Visit Shirley on her website to inspire and encourage writers, or on Rise and Soar, her website for encouraging those on the cancer journey. Follow her on Twitter or "like" her Author's page on Facebook.
13 comments:
I love guest-posting for the reasons you mention, Shirley, and I love having guests post to my blog.It's also just fun to "meet" and get to "know" fellow writers and bloggers. I've made many on-line friends this way.
Thanks Shirley - you're so right (and welcome to guest blog for me at magdalenaball.blogspot.com anytime - I know well the benefits!). One of the best things about blogging is that it remains in place more or less permanently - I've had comments and link-throughs from guest blogs I wrote years ago.
Great guest blogging tips, Shirley. It does open a whole new community to your and your products/services. That's why WOTM has member guest blogging in place as one of its marketing strategies and benefits.
The 'commenting on other blogs first' strategy works! I've recently started getting invites to guest blog ... without even asking! The first time it happened, I almost fell out of my chair! .. but now I'm cool. :D
Shirl, did you know that Dan Poynter actually suggests people not have blogs of their own but offer themselves up as a guest blogger for at least some of these very reasons. He thinks the reach goes farther than starting a new. BTW, I suggest this and some other blogging ideas in my chapter on blogging in The Frugal Book Promoter (http://budurl.com/FrugalBkProm)
Shirl,
No wonder I keep getting emails with guest blogging requests from people I've never heard of. :)
Thank you for all the super answers. I'm keen to guest blog for any of you when you have a vacancy. (Thanks Magdalena, I see that hand!)
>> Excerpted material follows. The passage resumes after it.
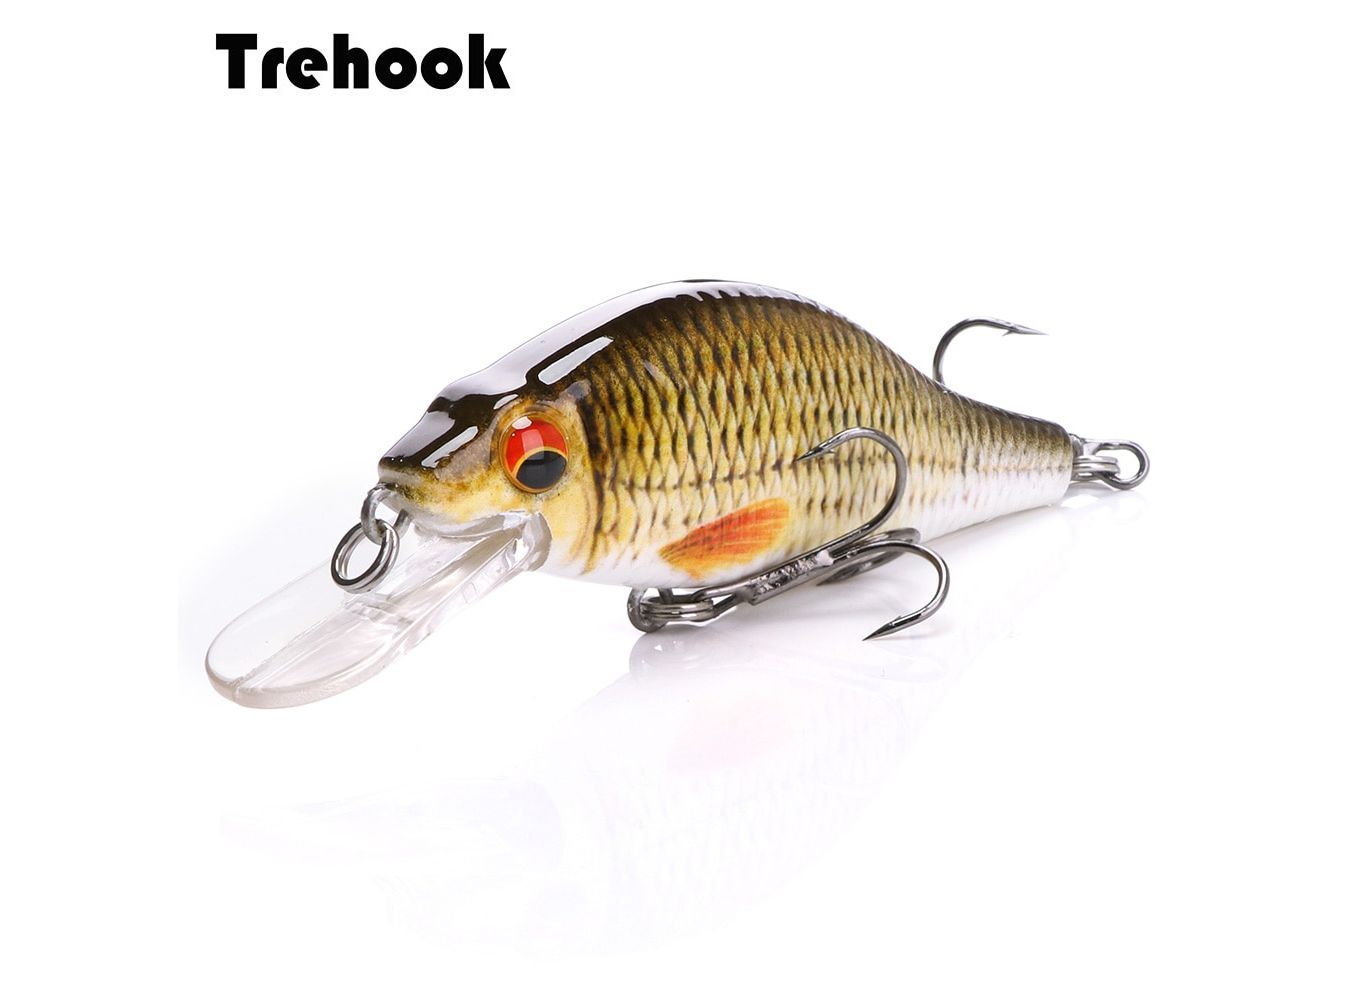 https://protechshop.co.uk/images/thumbnails/1357/1000/detailed/29/TREHOOK-4g-11g-22g-Black-Minnow-Wobblers-Pike-Fishing-Lure-Artificial-Bait-Hard-Swimbait-Mini-Crankbaits.jpg

Carolyn - and yes, I have the book - far be it for me to disagree with the great Dan Poynter, but at least by having my own blog I can reciprocate for those who want to guest blog for me. (Next month's post - The advantages for the host. :-))
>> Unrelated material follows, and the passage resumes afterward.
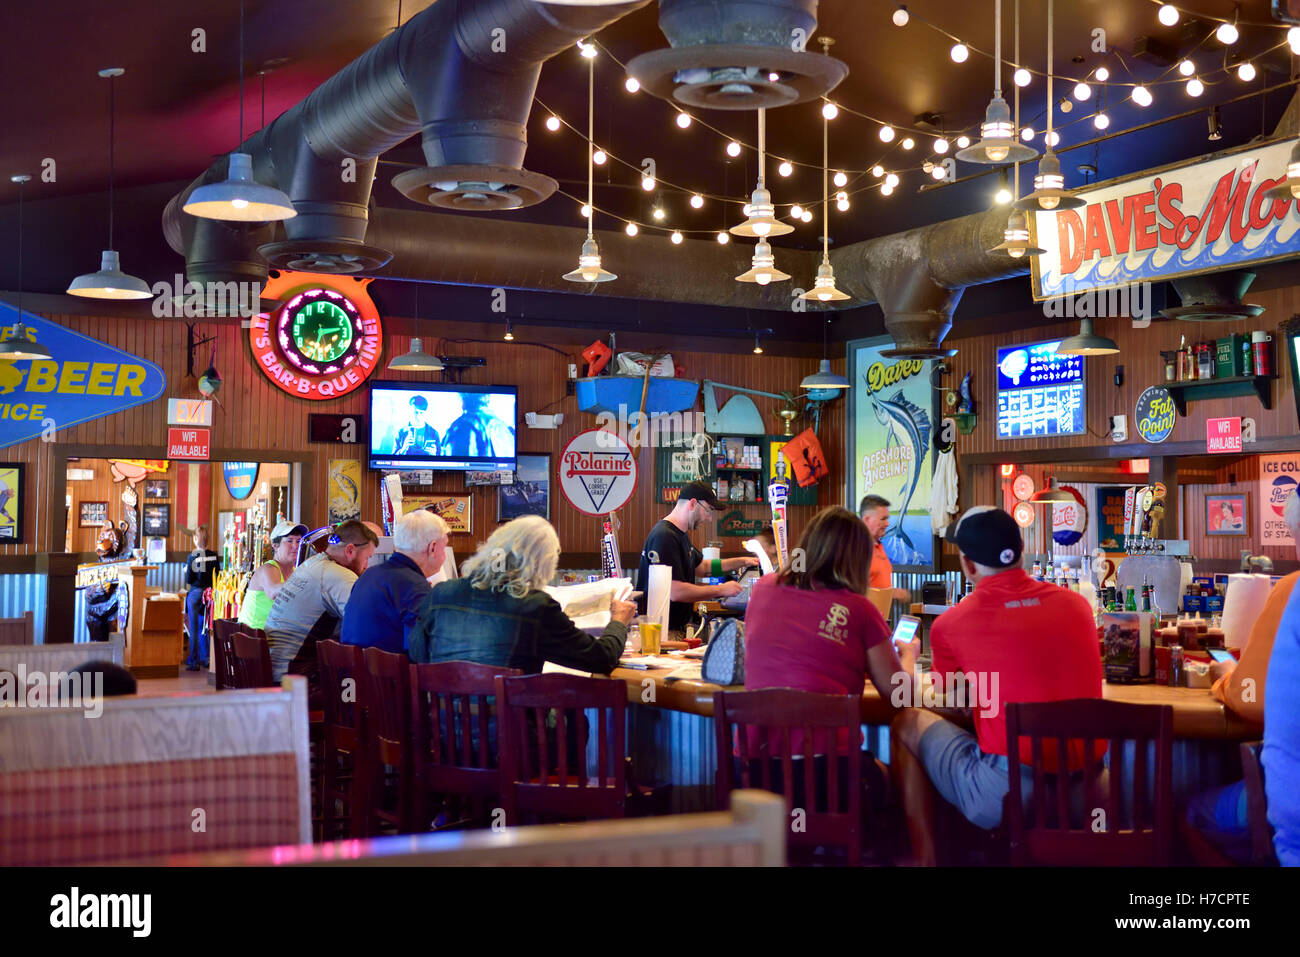 Inside Famous Dave's Bar-B-Que restaurant, Fort Myers, FL Stock Photo

My blog is actually part of my website - so an advantage of that is if someone visits the blog, they also visit my website. I also don't blog about what we had for breakfast. :-)
My huge problem is that I have two blogs (two websites). One my name (to inspire and encourage writers and readers) and one to encourage those in the cancer valley. So it is a challenge to keep up with both. I am now hosting more guests and that is a help for me, as well as hopefully for them.
As always Shirley, you are a delightful author. I'm printing your post off and adding it to my resources. I am venturing into the the guest blogging territory and your information is valuable. Thanks!
Kathy
This is an excellent post! I'm going to tweet it.
Great ideas and information. I need to start doing this. Both as a guest and a host.
Thanks for your input ladies, and for your encouragement. Karen, please could you explain again how the "member guest blogging" works? I was trying to remember earlier today. Thanks.
Great post Shirley. I have limited the guest blogging I've done, but I am going to rethink my approach. Thanks for the insights
Dear Shirley,another inspired and inspiring post. And Carolyn's reply offered, as always, more helpful tips. What a wonderful resource you have again provided for us. Many thanks.